Генетические исследования с использованием мышиных моделей показали, что делеция белков TET во многих случаях не приводит к простому эффекту "включения/выключения" экспрессии генов. Вместо этого она влияет на величину экспрессии генов и нарушает оптимальные уровни экспрессии генов (34, 42). Примером может служить ген Zbtb7b (42).

В целом, эти исследования показывают, что белки TET, опосредуя деметилирование ДНК регуляторных элементов на ранних стадиях развития, защищают активность этих элементов на более поздних стадиях развития для сохранения стабильной и оптимальной экспрессии генов.
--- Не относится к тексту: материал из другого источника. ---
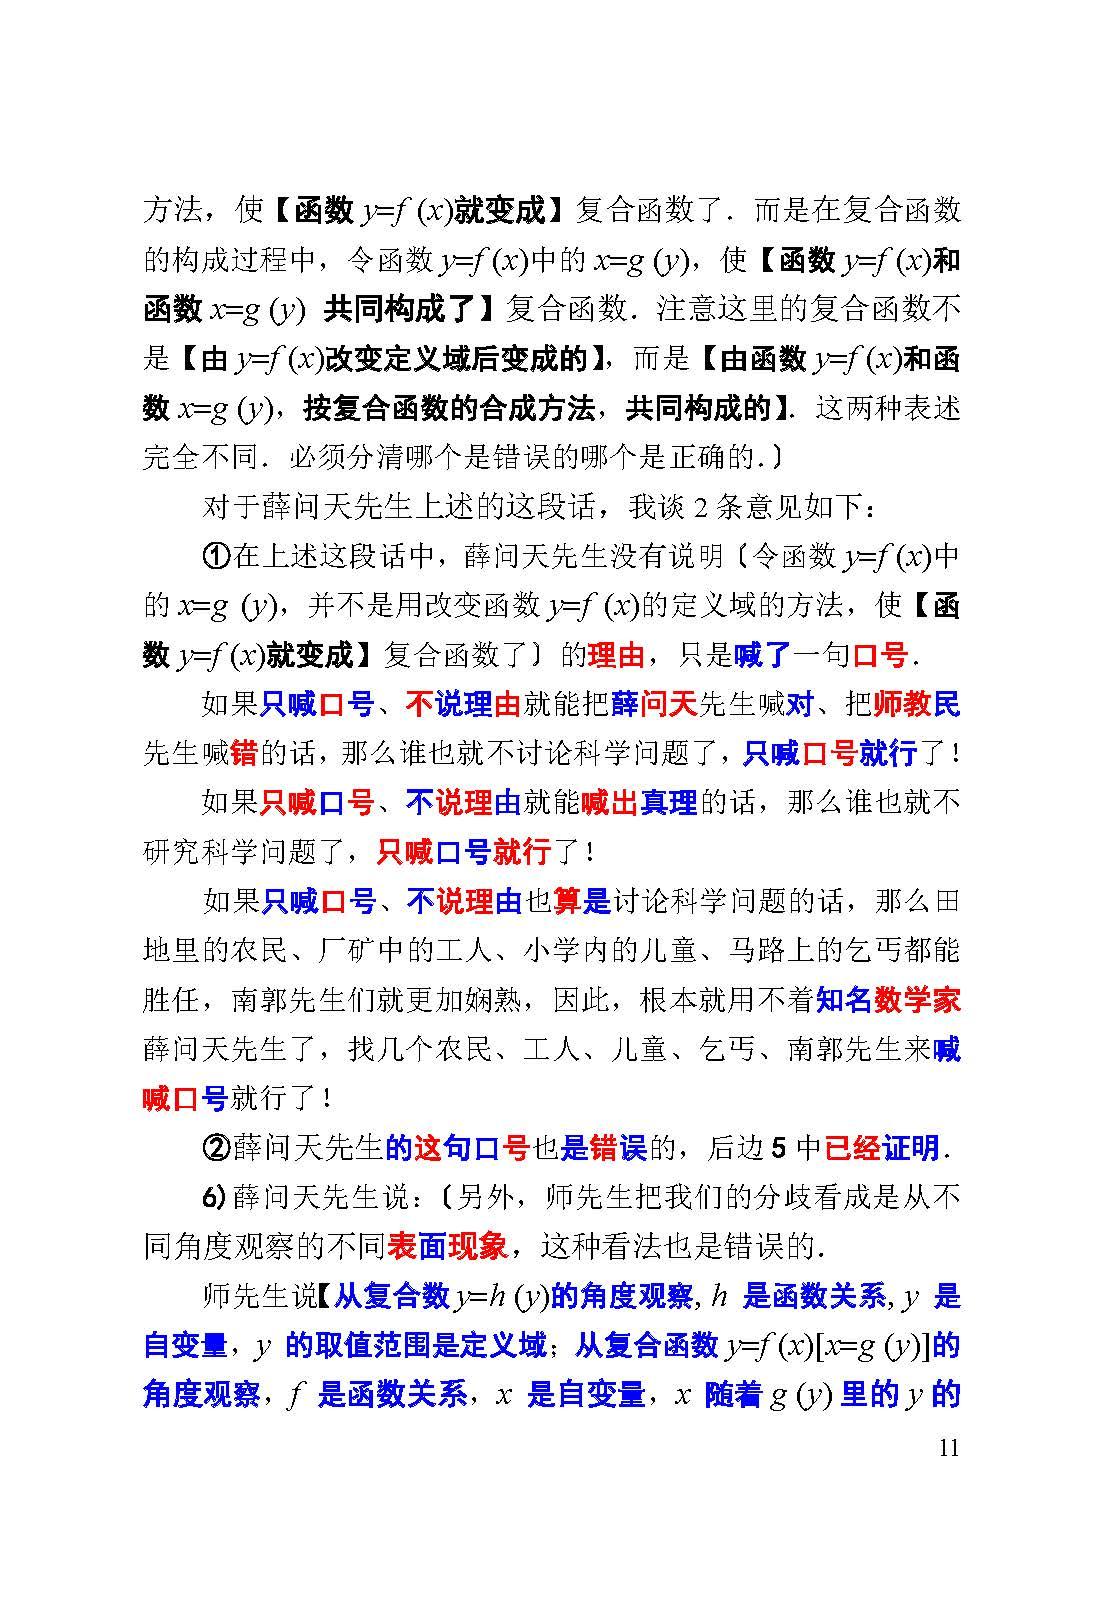 评薛问天先生的文章0408_页面_11.jpg

Делеция одного или нескольких членов семейства белков TET влияет на развитие и функционирование различных подмножеств Т-клеток. В частности, делеция Tet2 нарушает дифференцировку Th1 и Th17 клеток (33) и нарушает секрецию цитокинов из-за аберрантного метилирования энхансерных элементов (рис. 1). Кроме того, предполагается, что TET2 регулирует деметилирование ДНК регуляторных элементов Th1 и Th17, взаимодействуя со специфическими для данной линии транскрипционными факторами (33). Более того, делеция Tet2 выявила перекос клеток в сторону фолликулярных Th (Tfh) клеток в модели инфекции вируса лимфоцитарного хориоменингита (43) (рис. 1). Авторы предположили, что TET2 рекрутируется FOXO1 и RUNX1 в определенных геномных локусах для опосредования деметилирования ДНК и индукции экспрессии генов, вовлеченных в подавление судьбы Tfh (43).
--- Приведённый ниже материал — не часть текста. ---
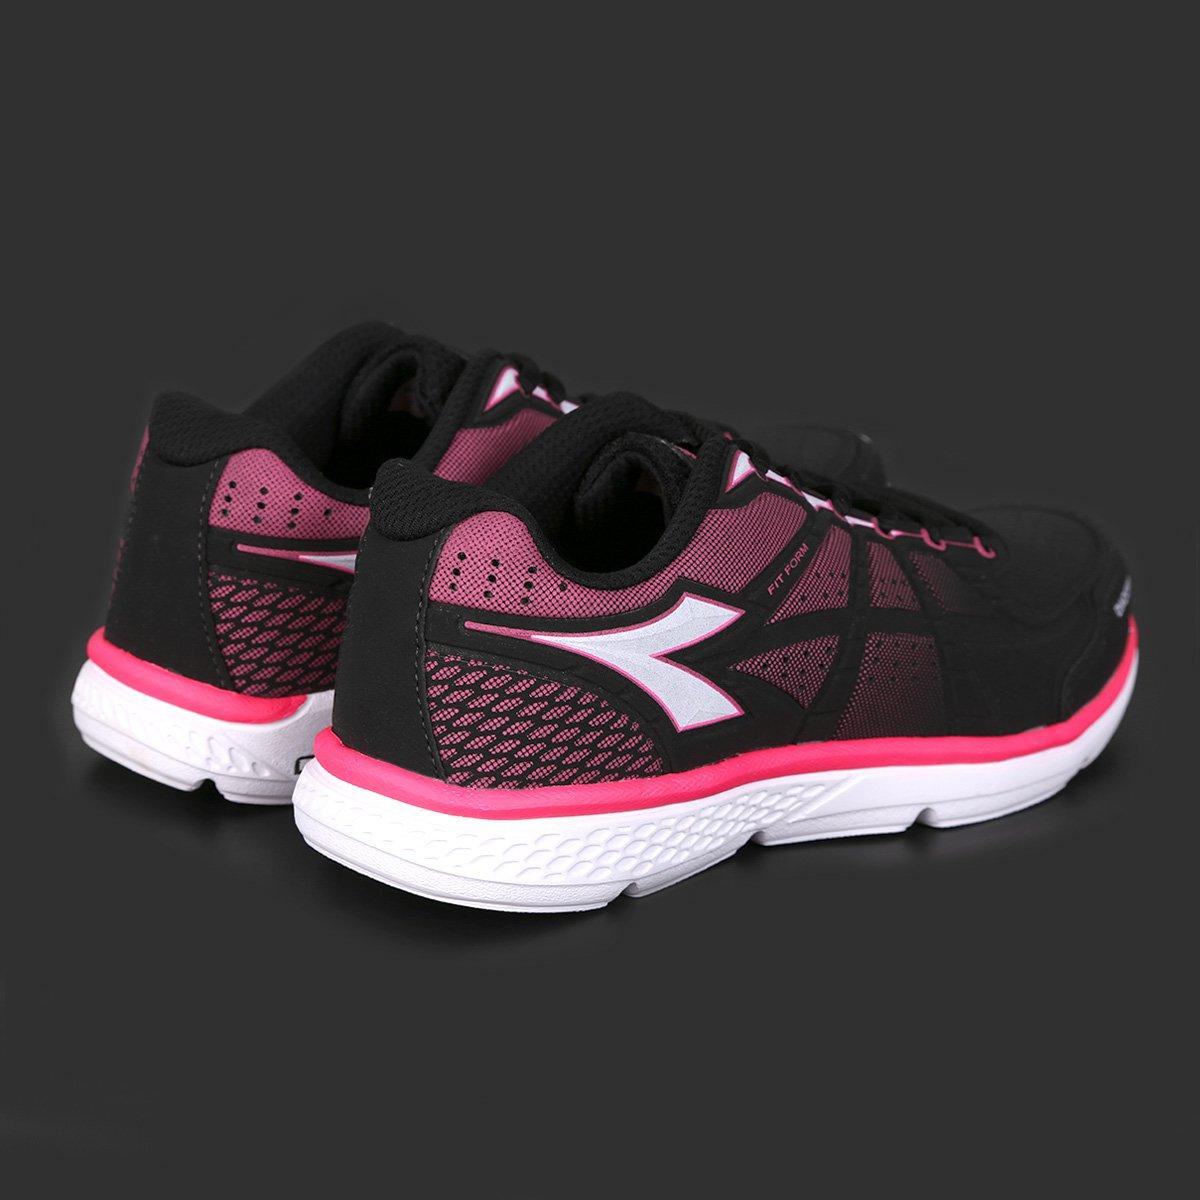 000a172fc4 Tênis Diadora Fit Form Sl Feminino - Compre Agora

Обширные исследования выявили критическую и плейотропную роль белков TET в формировании качественных особенностей и функции Treg (рис. 1). Помимо хорошо известной роли белков TET в регуляции деметилирования ДНК в локусе CNS2 Foxp3, что поддерживает стабильность его экспрессии, белки TET играют дополнительную роль после дифференцировки CD4 клеток в Tregs клетки. Специфическая абляция Tet2 и Tet3 в Tregs у мышей обусловленных Foxp3-cre показала, что Tet2/3-дефицитные Tregs постепенно проявляют воспалительный фенотип, характеризующийся перекосом в сторону вспомогательных линий, секрецией IL-17 и аномальной пролиферацией (44, 45).

Удаление Tet3 на стадии DP у мышей, условно соответствующих CD4-cre, приводит к преобладанию клеток iNKT в сторону линии NKT17, что проявляется повышением регуляции RORγt (34, 46). Одновременная абляция Tet2 и Tet3 приводит к увеличению количества iNKT клеток в тимусе, а также в периферических органах (34). Наблюдалось значительное увеличение количества клеток NKT17. Механистически наблюдаемый перекос NKT17 объясняется снижением экспрессии ThPOK и T-bet вследствие аберрантного поддержания метилирования цитозина. В iNKTs дикого типа ThPOK и T-bet подавляют экспрессию RORγt и выключают дифференцировку в линию NKT17 (34, 47) (рис. 1). Более того, было показано, что клетки iNKT с двойным дефицитом Tet2/3 (DKO) демонстрируют аномальную пролиферацию, которая зависит от CD1d-опосредованной презентации Ag (34).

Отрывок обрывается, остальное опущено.